We reached out to AWS support of course, which is ultimately responsible.
Unfortunately they were not able to diagnose this until now.

I checked with the queries from wiki
https://wiki.postgresql.org/wiki/Disk_Usage , which essentially give the
same result.
I tried to check on wal segment file size, but we have no permission to
execute select pg_ls_waldir().
The replication slot is active and it also progresses
(pg_replication_slots.confirmed_flush_lsn increases and is close to
pg_current_wal_flush_lsn).

Can you imagine other things that I could check from within postgres with
limited permissions to diagnose this?

Best Regards
Chris

If you do archive wal files, maybe the archive_command is failing?

#6Adam Brusselback
adambrusselback@gmail.com
In reply to: Chris Borckholder (#5)
Re: Unexplained disk usage in AWS Aurora Postgres

I would highly suggest you reach out to AWS support for Aurora questions,
that's part of what you're paying for, support.
For reasons you mentioned and more, it's pretty hard to debug issues
because it isn't actually Postgres.

Show quoted text
#7Christoph Moench-Tegeder
cmt@burggraben.net
In reply to: Chris Borckholder (#1)
Re: Unexplained disk usage in AWS Aurora Postgres

## Chris Borckholder (chris.borckholder@bitpanda.com):

We are experiencing a strange situation with an AWS Aurora postgres
instance.

The main problem here is that "Amazon Aurora" is not PostgreSQL.
If I understand Amazon's documentation, what you are using is
officially named "Amazon Aurora with PostgreSQL Compatibility",
and that sums is up quite nicely: Aurora is a database engine
developed at Amazon - and it's inner workings are not publically
documented.
Whatever is using up that disk space - only AWS Support can know.

Regards,
Christoph

--
Spare Space

#8Chris Borckholder
chris.borckholder@bitpanda.com
In reply to: Christoph Moench-Tegeder (#7)
Re: Unexplained disk usage in AWS Aurora Postgres

Thank you Adam and Christoph,

You are totally right, that AWS support is the one to help me with this
problem.
I am in contact with them for quite some time on this problem and as there
was no progress on resolving this,
I tried to find some insight or trick that I missed here.

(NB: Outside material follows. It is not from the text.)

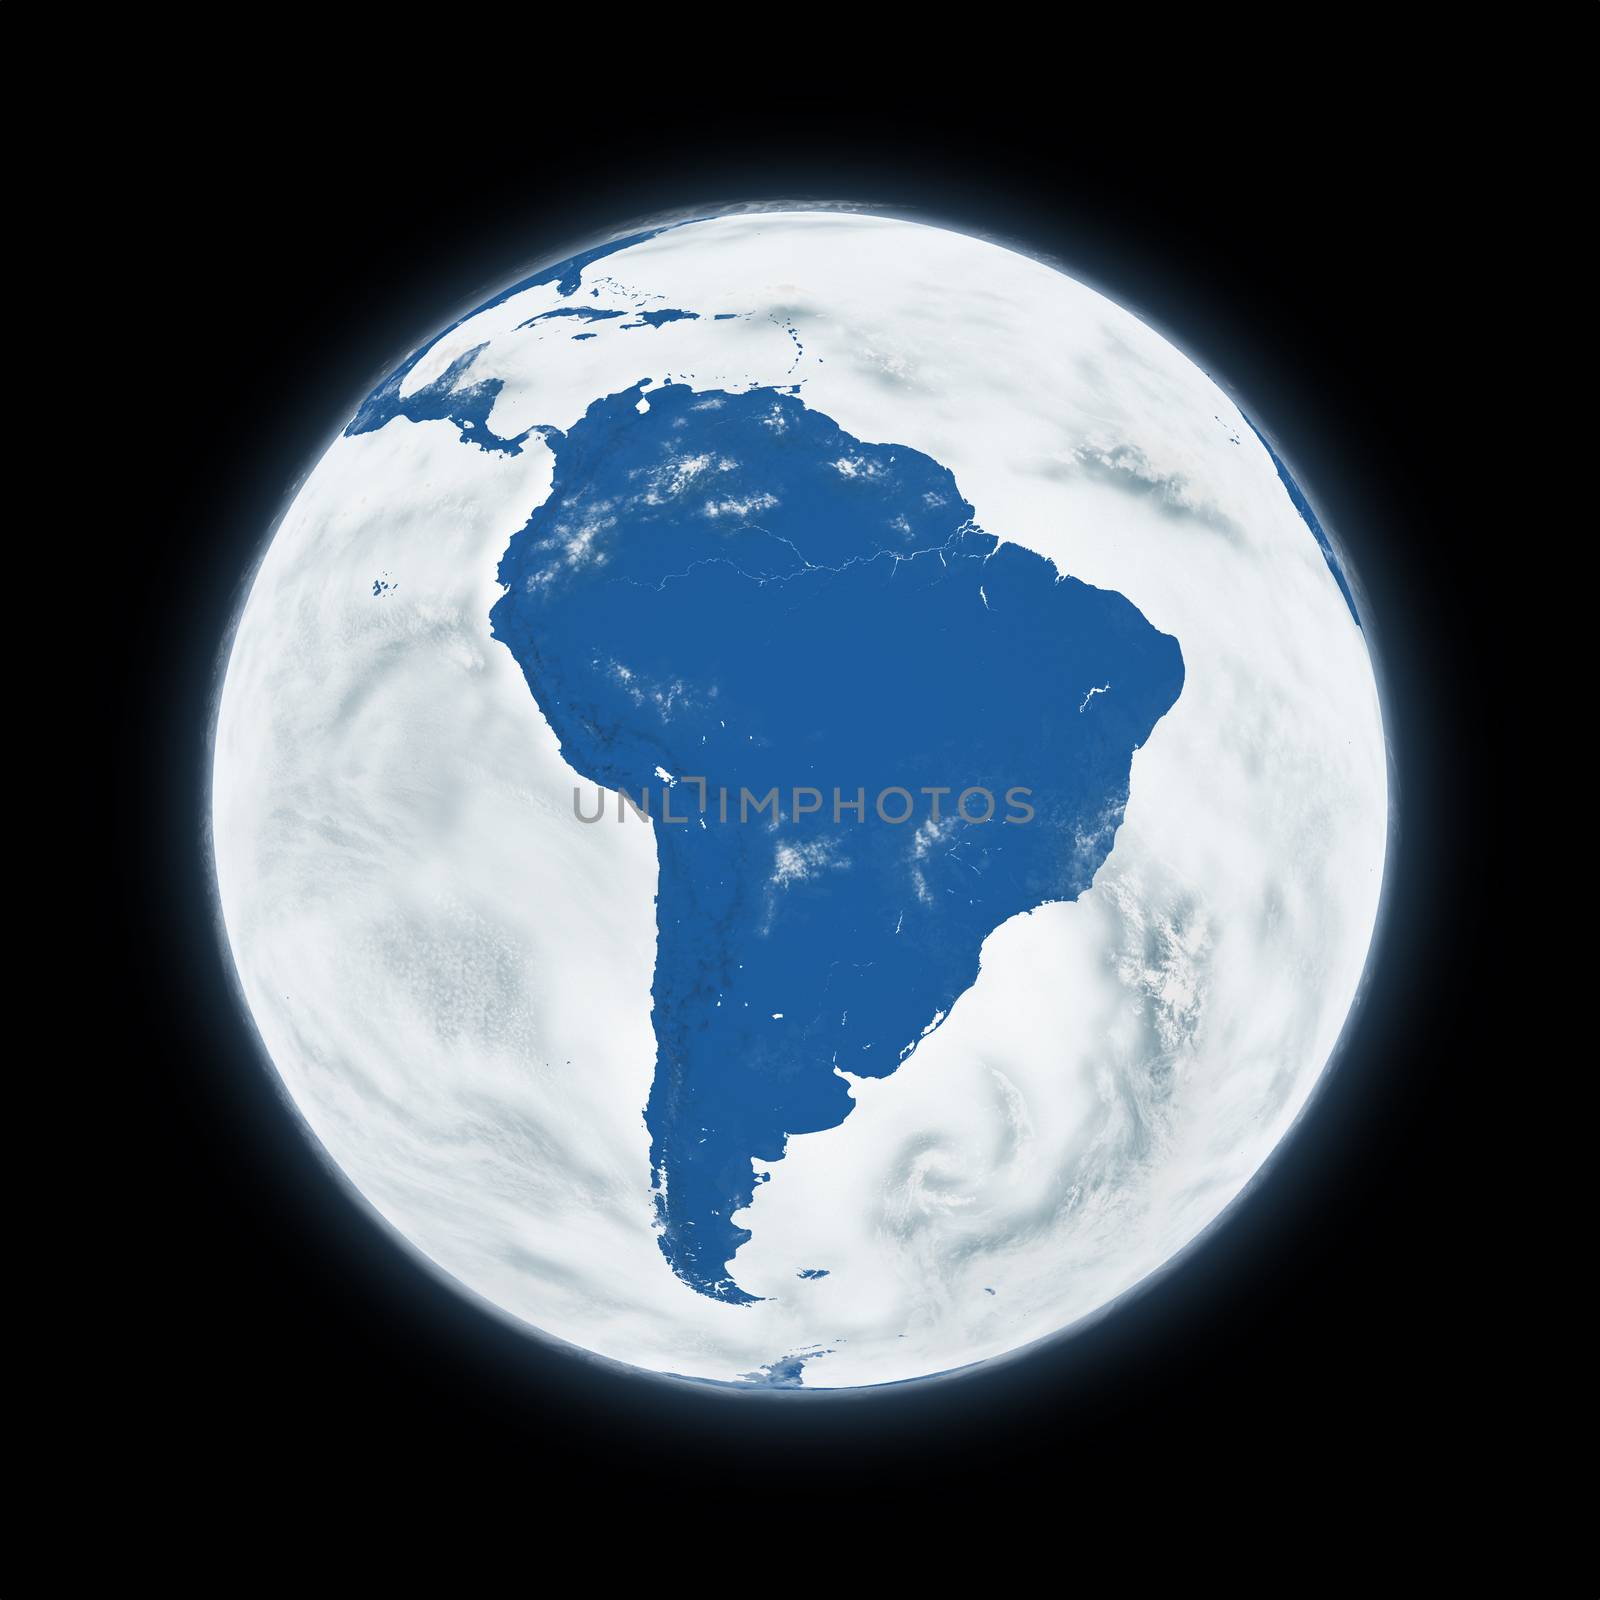 South America on blue planet Earth isolated on black background. Highly detailed planet surface. Elements of this image furnished by NASA.

It's a long shot
(:

Best Regards
Chris

On Fri, Aug 7, 2020 at 4:22 PM Christoph Moench-Tegeder <cmt@burggraben.net>
wrote:

Show quoted text

## Chris Borckholder (chris.borckholder@bitpanda.com):

We are experiencing a strange situation with an AWS Aurora postgres
instance.

The main problem here is that "Amazon Aurora" is not PostgreSQL.
If I understand Amazon's documentation, what you are using is
officially named "Amazon Aurora with PostgreSQL Compatibility",
and that sums is up quite nicely: Aurora is a database engine
developed at Amazon - and it's inner workings are not publically
documented.
Whatever is using up that disk space - only AWS Support can know.

Regards,
Christoph

--
Spare Space

#9Ravi Krishna
srkrishna@yahoo.com
In reply to: Christoph Moench-Tegeder (#7)
Re: Unexplained disk usage in AWS Aurora Postgres

The main problem here is that "Amazon Aurora" is not PostgreSQL.
If I understand Amazon's documentation, what you are using is
officially named "Amazon Aurora with PostgreSQL Compatibility",
and that sums is up quite nicely: Aurora is a database engine
developed at Amazon - and it's inner workings are not publically
documented.
Whatever is using up that disk space - only AWS Support can know.

Correct. Aurora is basically forked PG code, but with a different I/O layer. That explains why
they are quite behind community PG in versions.